今年度、801のほうが引退し、代わりに西東京バスがスクールバスとして使っていた中古を導入(13-41)。【31日補足】富士重工ボディのいすゞ。白に線が入ったような当たり障りない外観(西東京バス時代のまま)。【4月23日補足】明大中野八王子中学高校のスクール用だったとのこと。
ということで、802の後継がこの新車なのかもしれない。
町議会で、スクールバス購入が議決されたという情報もあった。

新車は、たぶんノンステップ。座席は1人掛けも多そうで、秋田の新車では異例の三角(五角形)のつり革。中央部に引き戸もあって、そのまま路線バスにも使えそう。
正面にはLED表示があるように見えるが側面にはなく、車椅子マークはあるがベビーカーマークはない。

秋田の路線バスで、この車種に乗ることができる日はだいぶ先になりそうで、その点ではうらやましい。

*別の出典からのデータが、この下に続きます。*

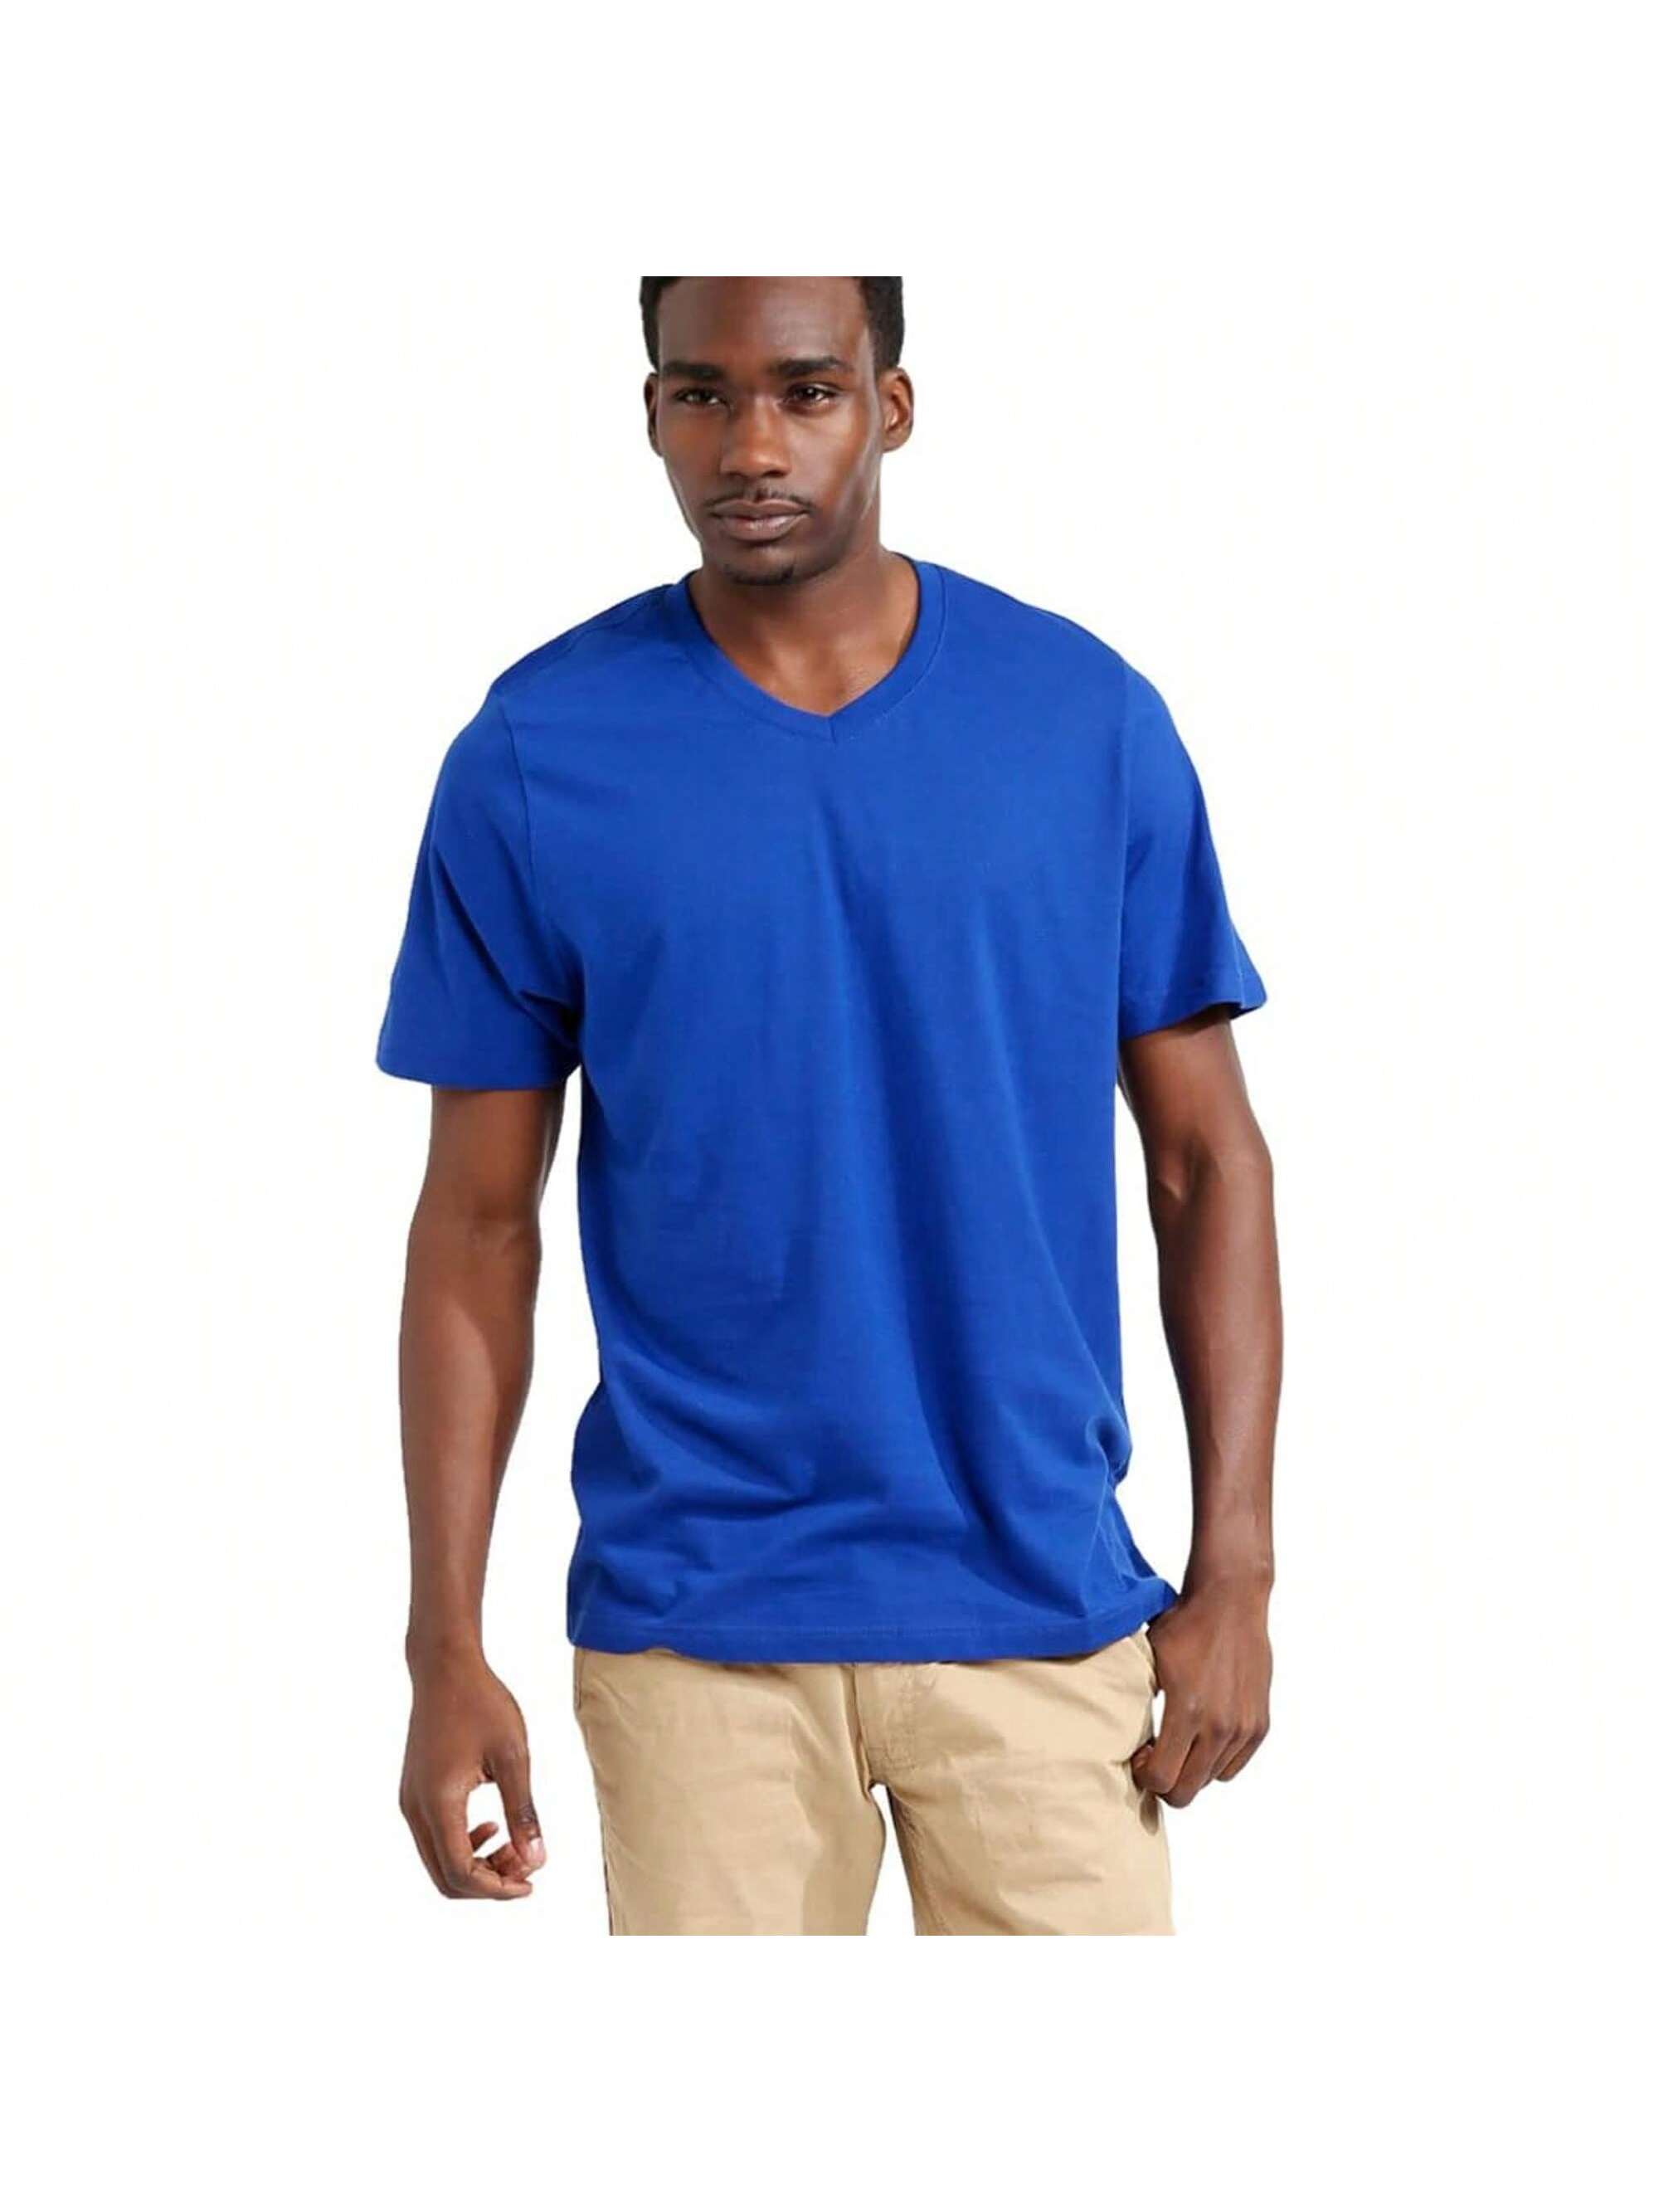 Мужская хлопковая футболка премиум-класса с v-образным вырезом Rich Cotton BLK-M, королевский

【2019年3月10日追記】その後、井川町教育委員会のFacebookページ(ってのがあるんだ)に、2月13日付で「新しいスクールバスが納車されました。」とアップ。写真も掲載され、まさに↑この車だった。
ただし、車体は白ベースながら、ピンク色で桜と思われる花(花弁のみ)が大きくあしらわれ、正面右下や側面後部には(後部は不明)「井川町」の文字が追加されていた。
正面はLEDで「スクールバス」と表示している。ノンステップ、降車合図ボタンはなし。自家用登録のようで「秋田230さ20-18」。2018「年度」ってことでしょう。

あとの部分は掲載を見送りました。